What you need to do:
Exact copy, no pictures: take the lines of the listing below from the first through the one containing "A Visit to Van".

Provided material:
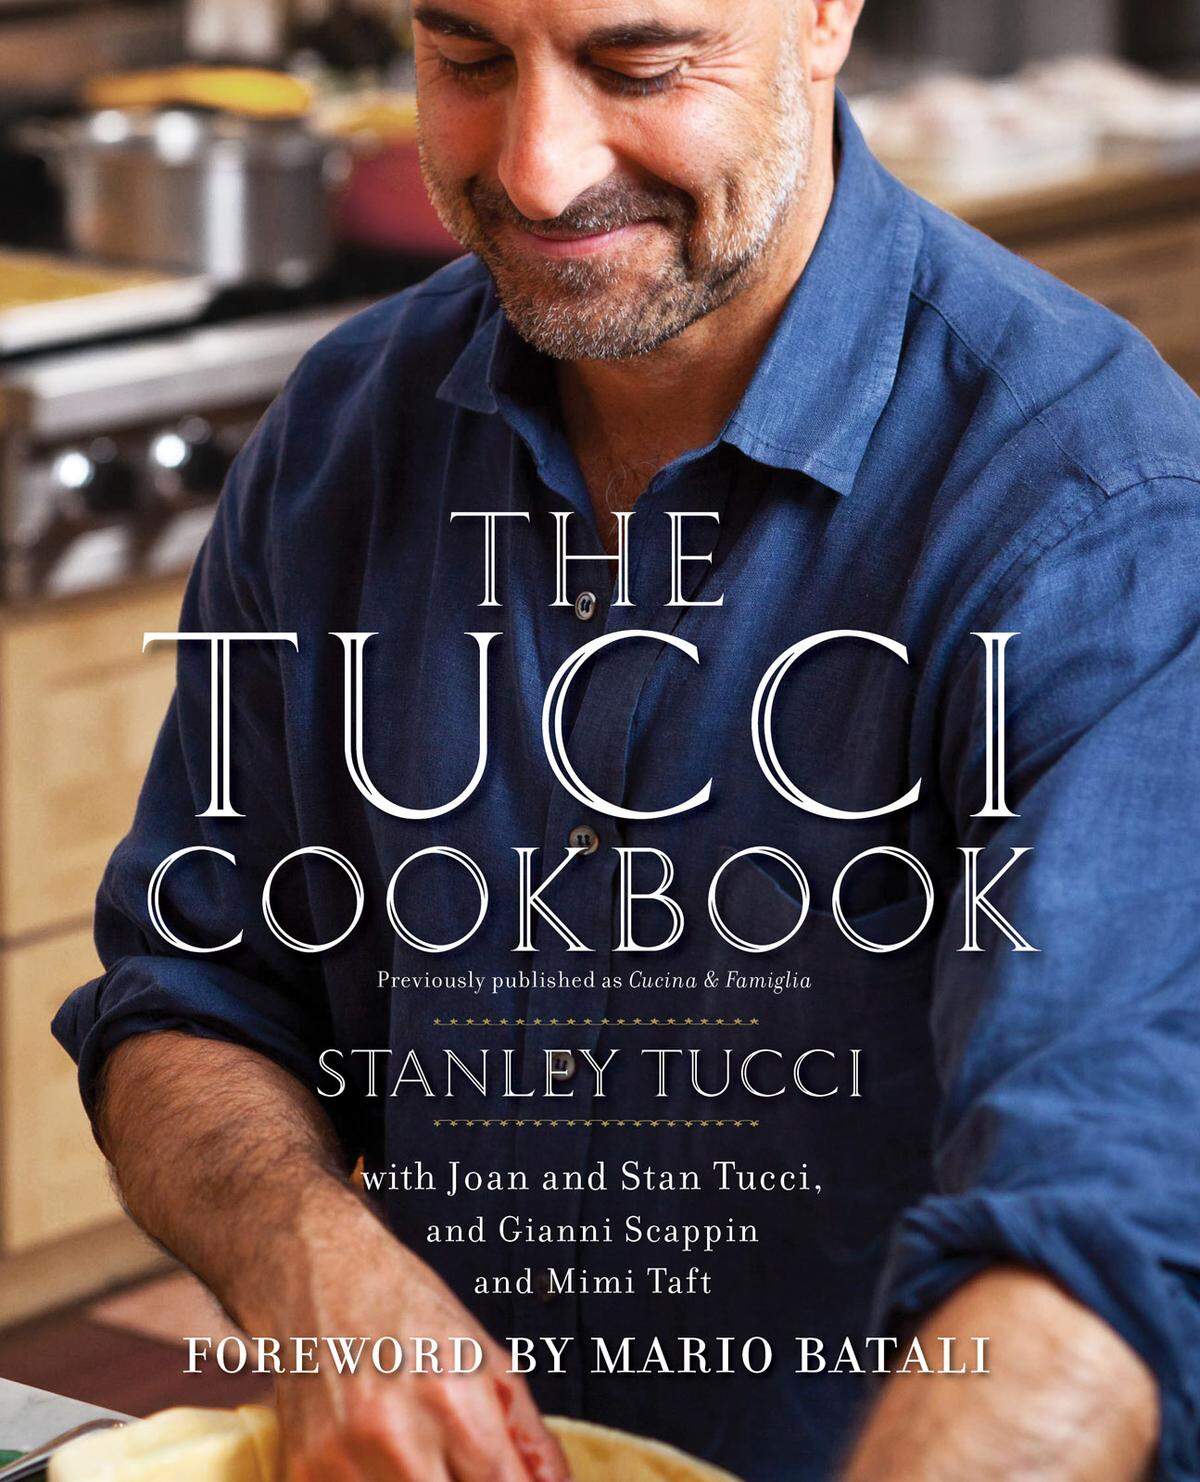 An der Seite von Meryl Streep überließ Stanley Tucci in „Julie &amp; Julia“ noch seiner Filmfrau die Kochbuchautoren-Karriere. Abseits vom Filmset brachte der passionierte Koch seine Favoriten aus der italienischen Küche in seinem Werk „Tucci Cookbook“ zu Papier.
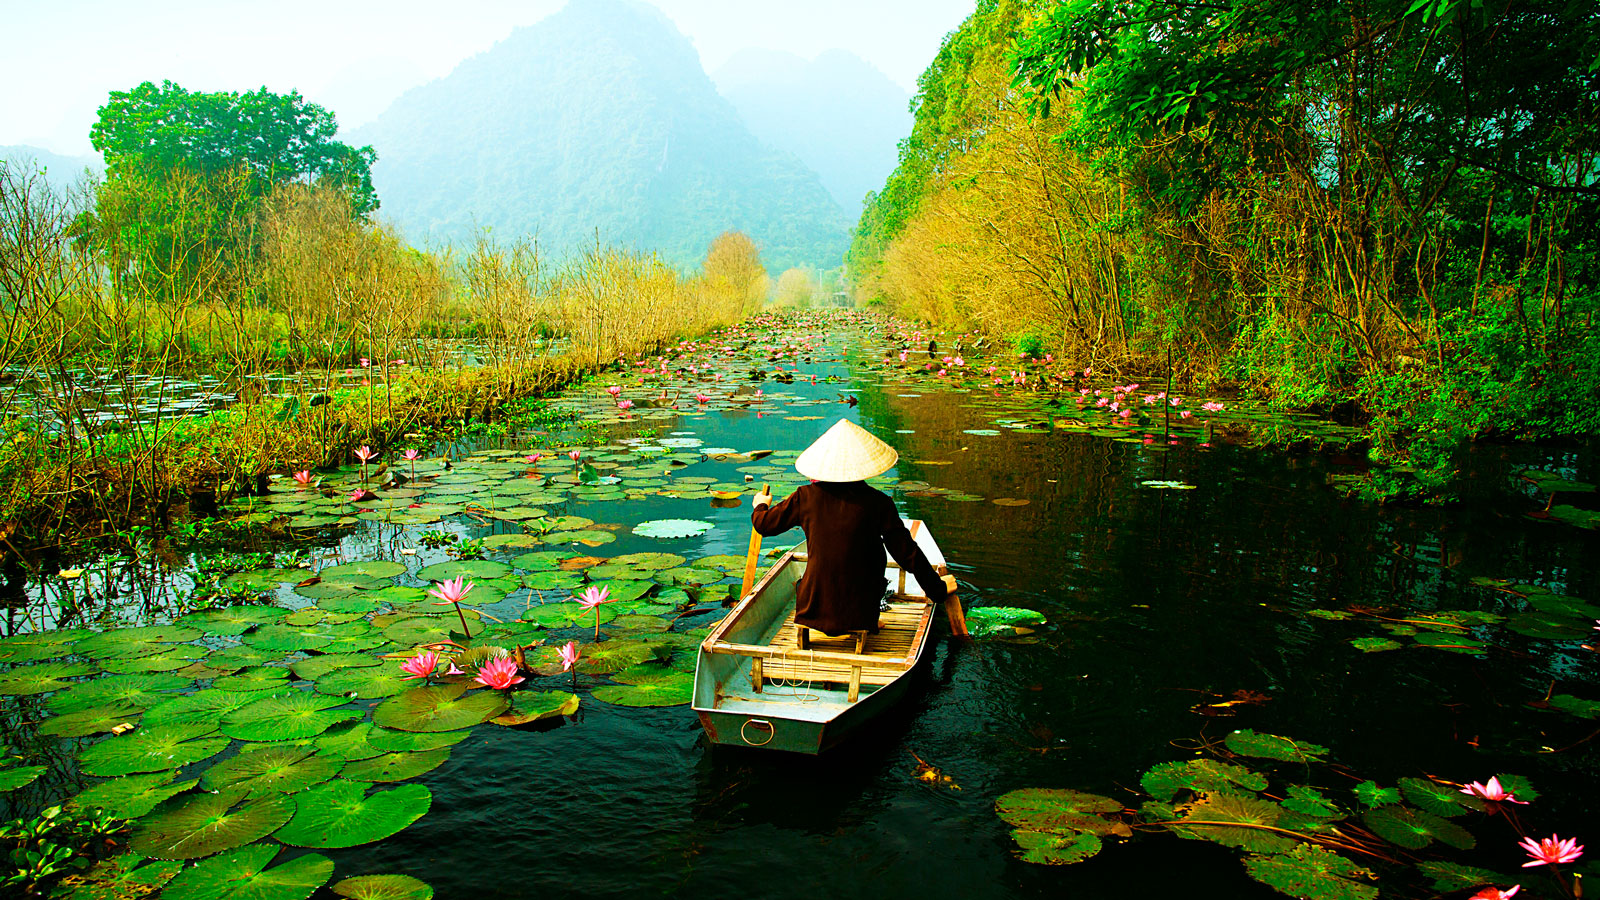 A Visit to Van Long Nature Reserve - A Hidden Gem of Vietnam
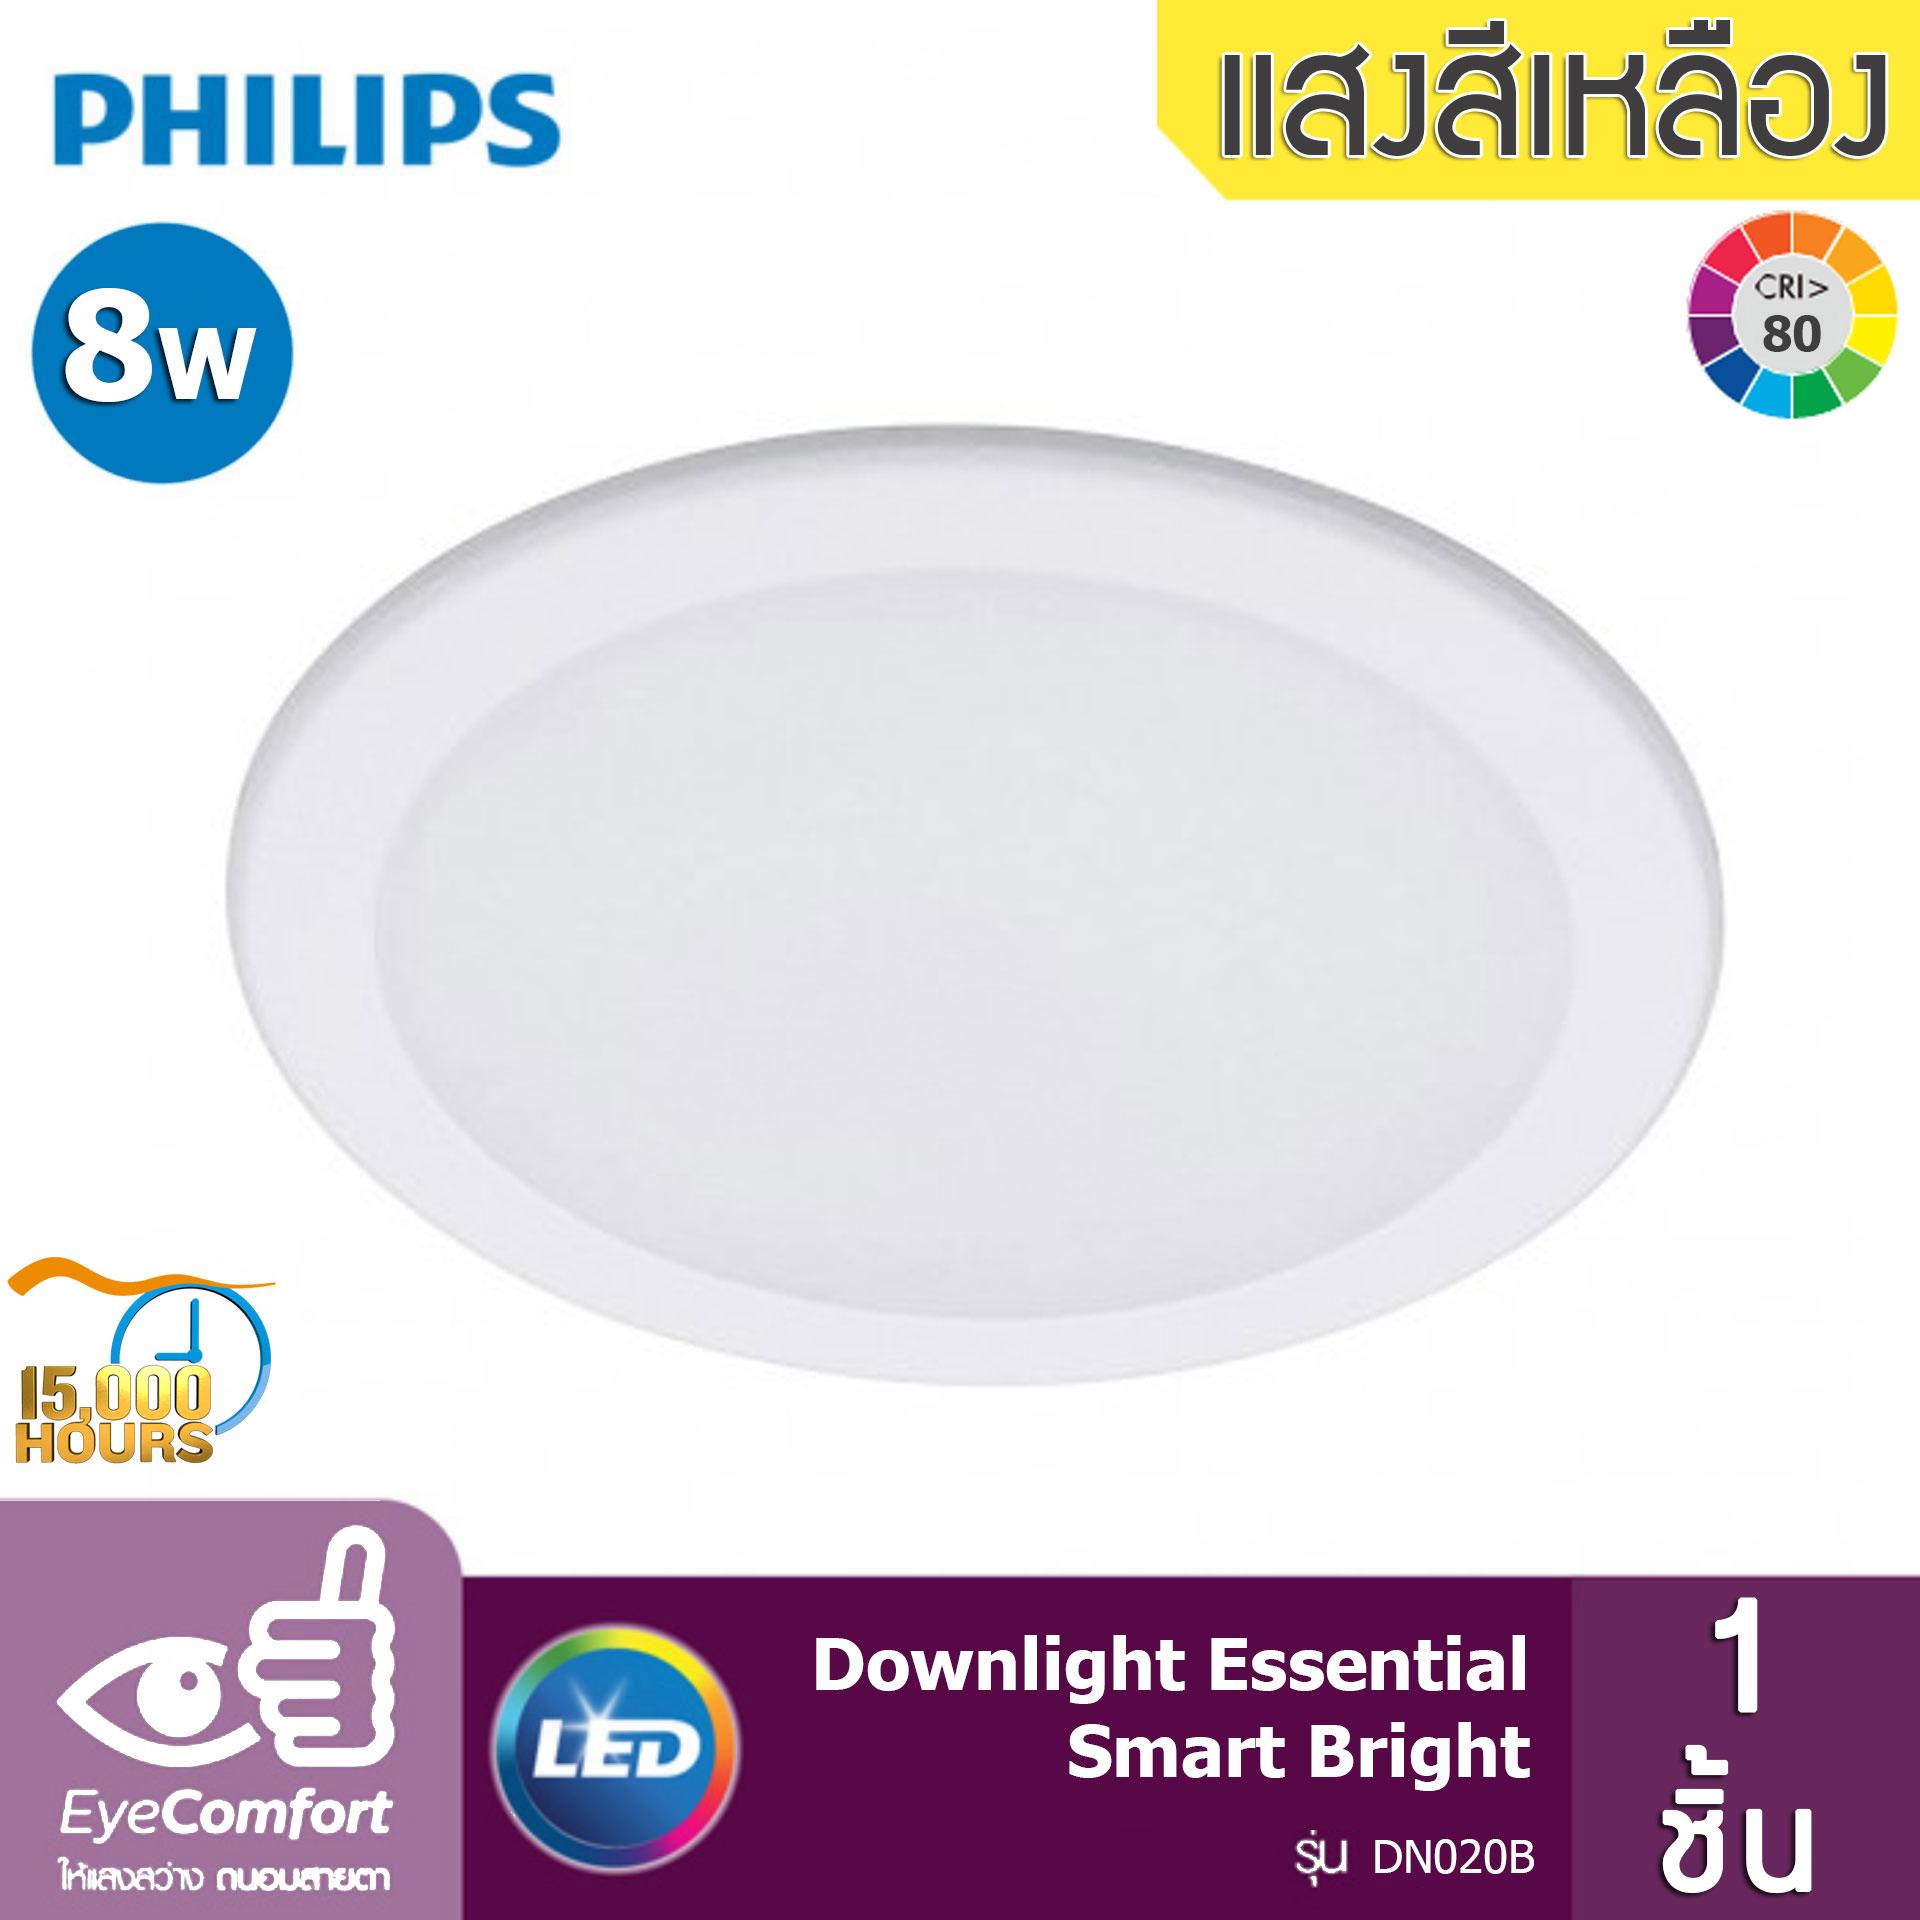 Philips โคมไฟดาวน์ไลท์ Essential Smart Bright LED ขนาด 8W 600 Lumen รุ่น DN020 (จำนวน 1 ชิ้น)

Expected output:
 An der Seite von Meryl Streep überließ Stanley Tucci in „Julie &amp; Julia“ noch seiner Filmfrau die Kochbuchautoren-Karriere. Abseits vom Filmset brachte der passionierte Koch seine Favoriten aus der italienischen Küche in seinem Werk „Tucci Cookbook“ zu Papier.
 A Visit to Van Long Nature Reserve - A Hidden Gem of Vietnam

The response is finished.